Registration made and confirmed. Looking forward to seeing everyone their. @Tony we good for room?

Reactions: Like 1


----------



## Tony (May 19, 2021)

Bigdrowdy1 said:


> Registration made and confirmed. Looking forward to seeing everyone their. @Tony we good for room?


Yes we are, already booked. Call me later when you've got time.


----------



## Nubsnstubs (May 19, 2021)

Committed yesterday for 2 10x10 spaces with 4 tables. Now I need to find a place to sleep other than my truck. ............ Jerry (in Tucson)
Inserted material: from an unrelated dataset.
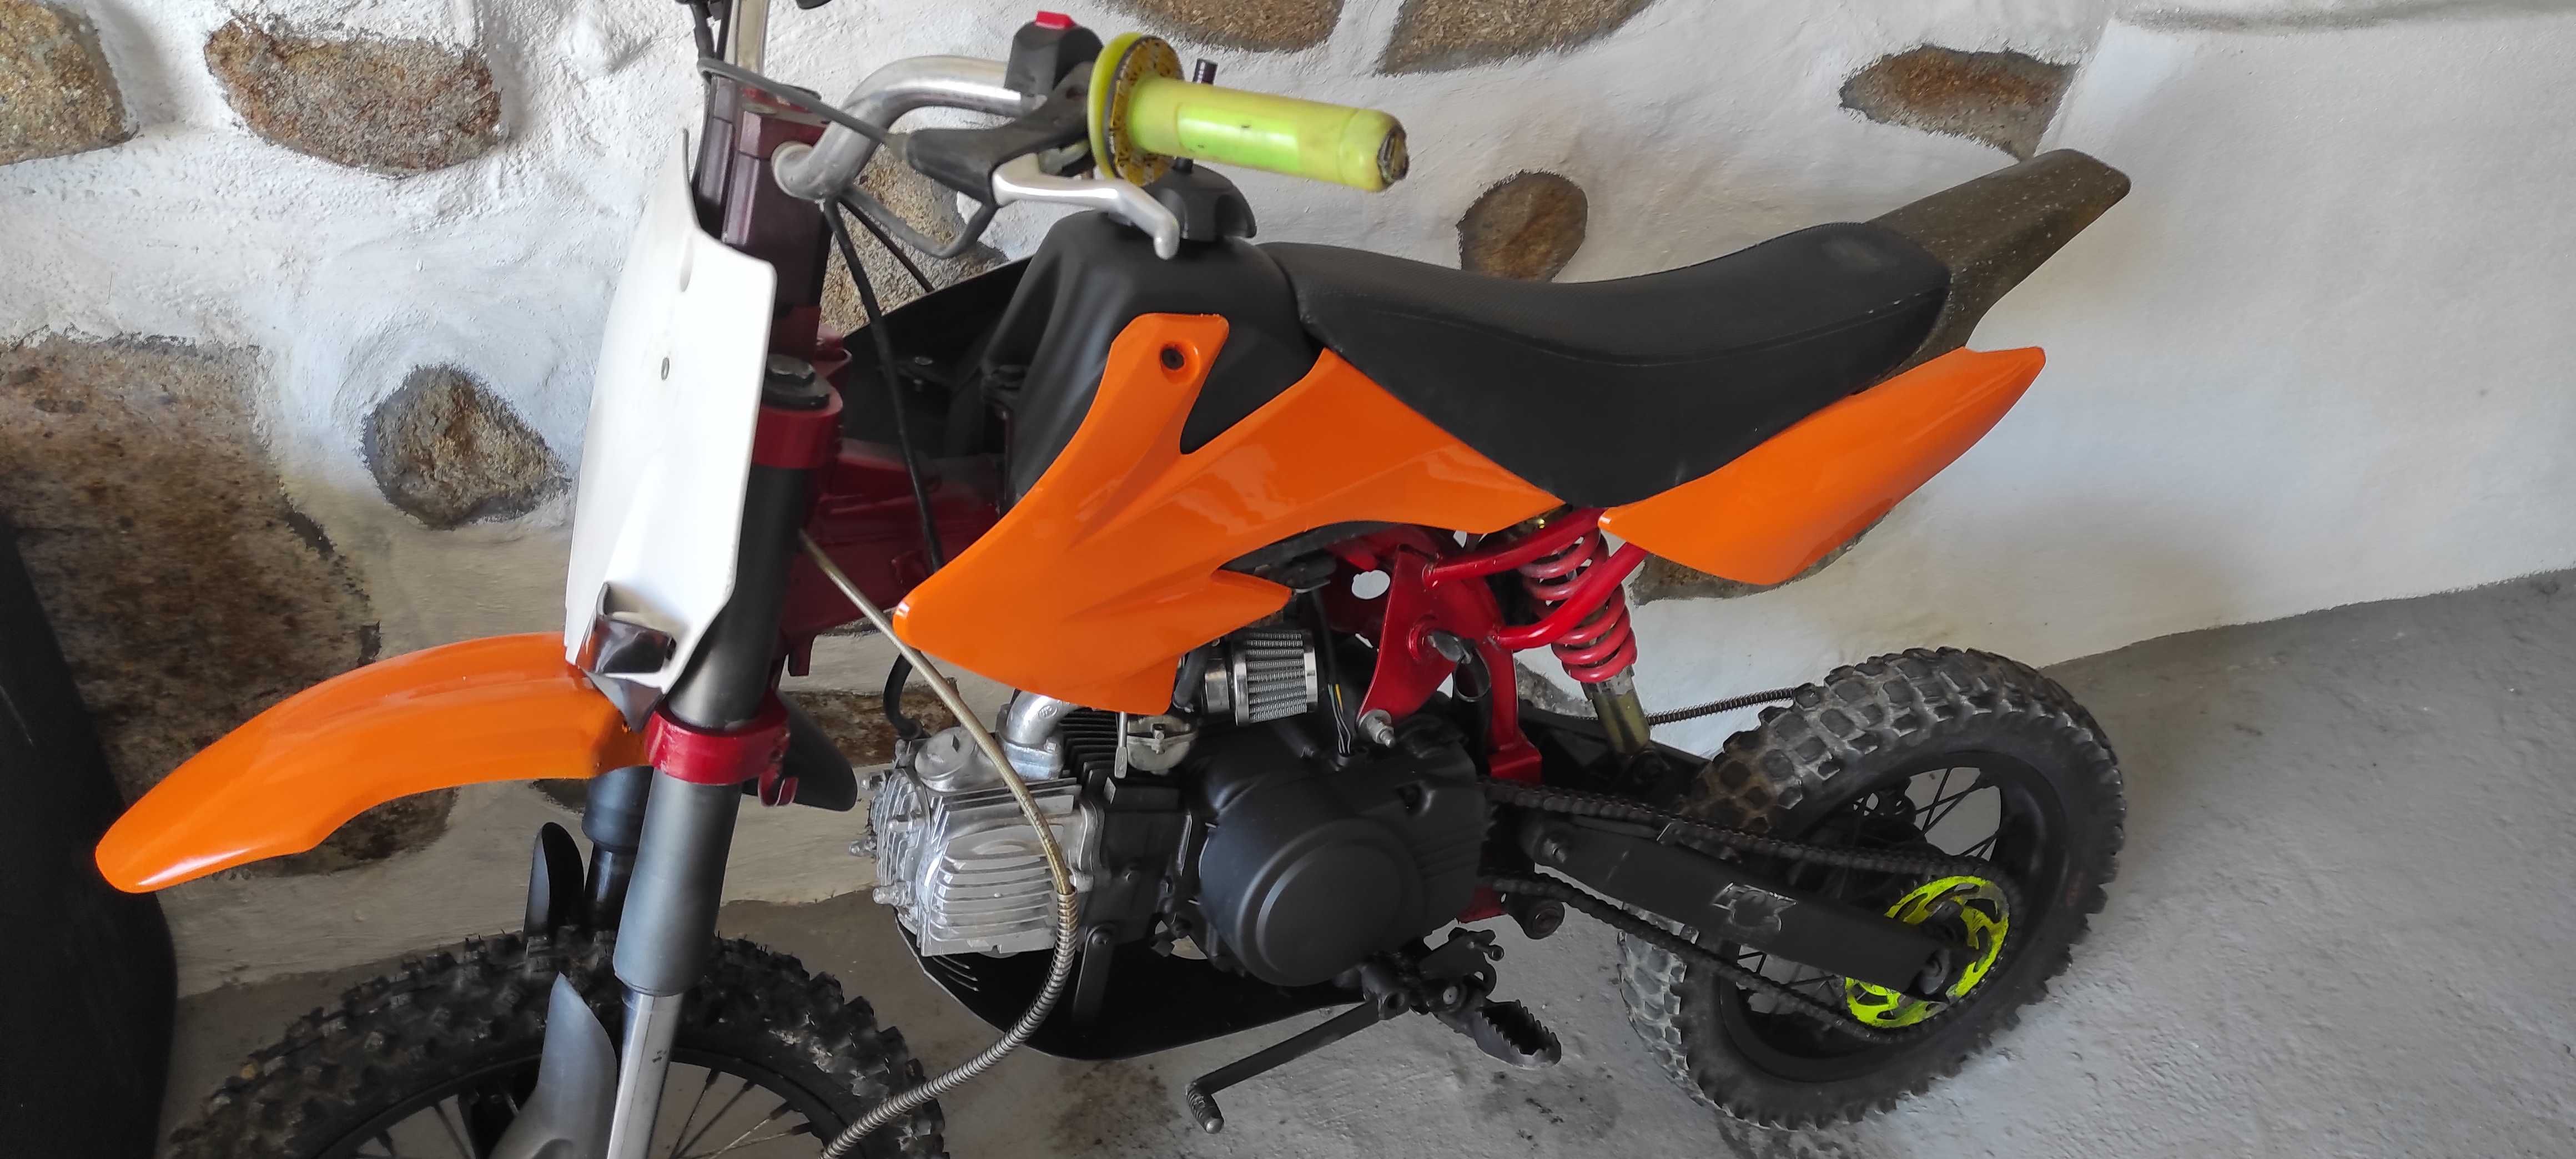 Pitbik 125 moto de monte
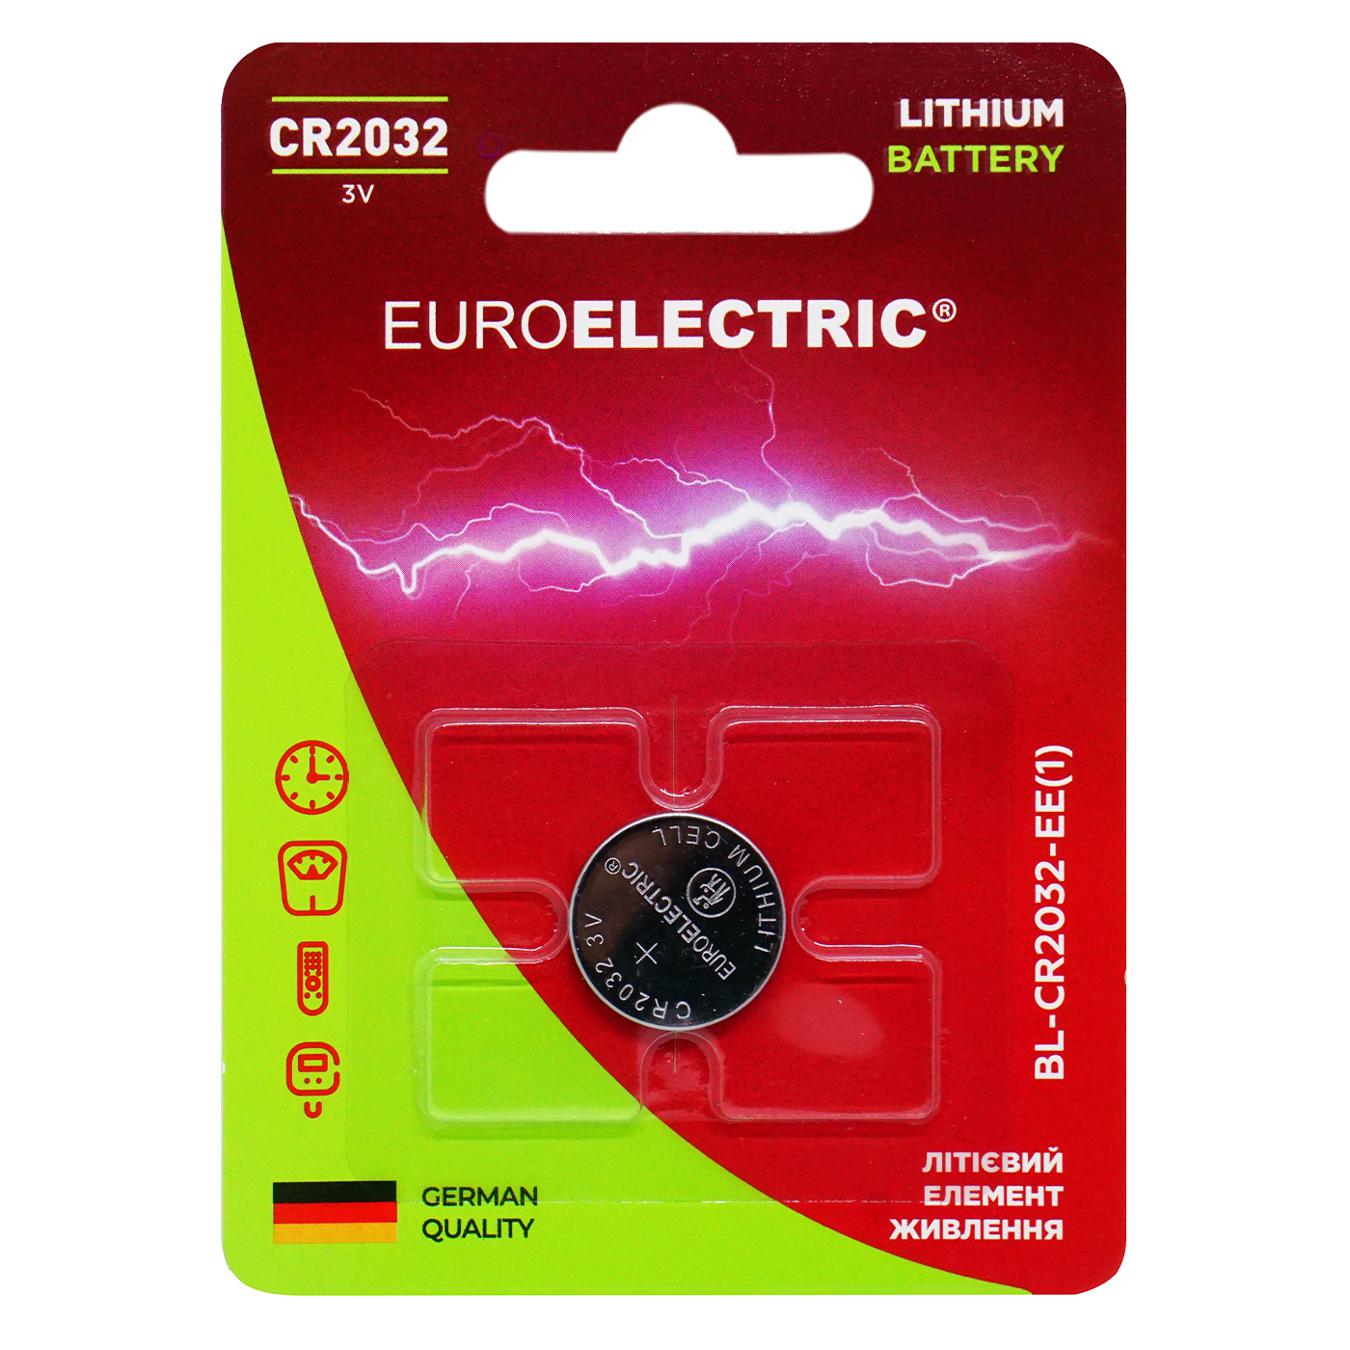 Lithium battery Euroelectric CR2032 3V 1 pc

Reactions: Like 1 | Informative 1


----------



## Nubsnstubs (May 19, 2021)

Tony said:


> Yes we are, already booked. Call me later when you've got time.


Tony, are you getting a space, or just admission tickets?? .......... Jerry (in Tucson)


----------



## Tony (May 19, 2021)

Nubsnstubs said:


> Tony, are you getting a space, or just admission tickets?? .......... Jerry (in Tucson)


Just admission Jerry.


----------



## guylaizure (May 19, 2021)

Nubsnstubs said:


> Tony, are you getting a space, or just admission tickets?? .......... Jerry (in Tucson)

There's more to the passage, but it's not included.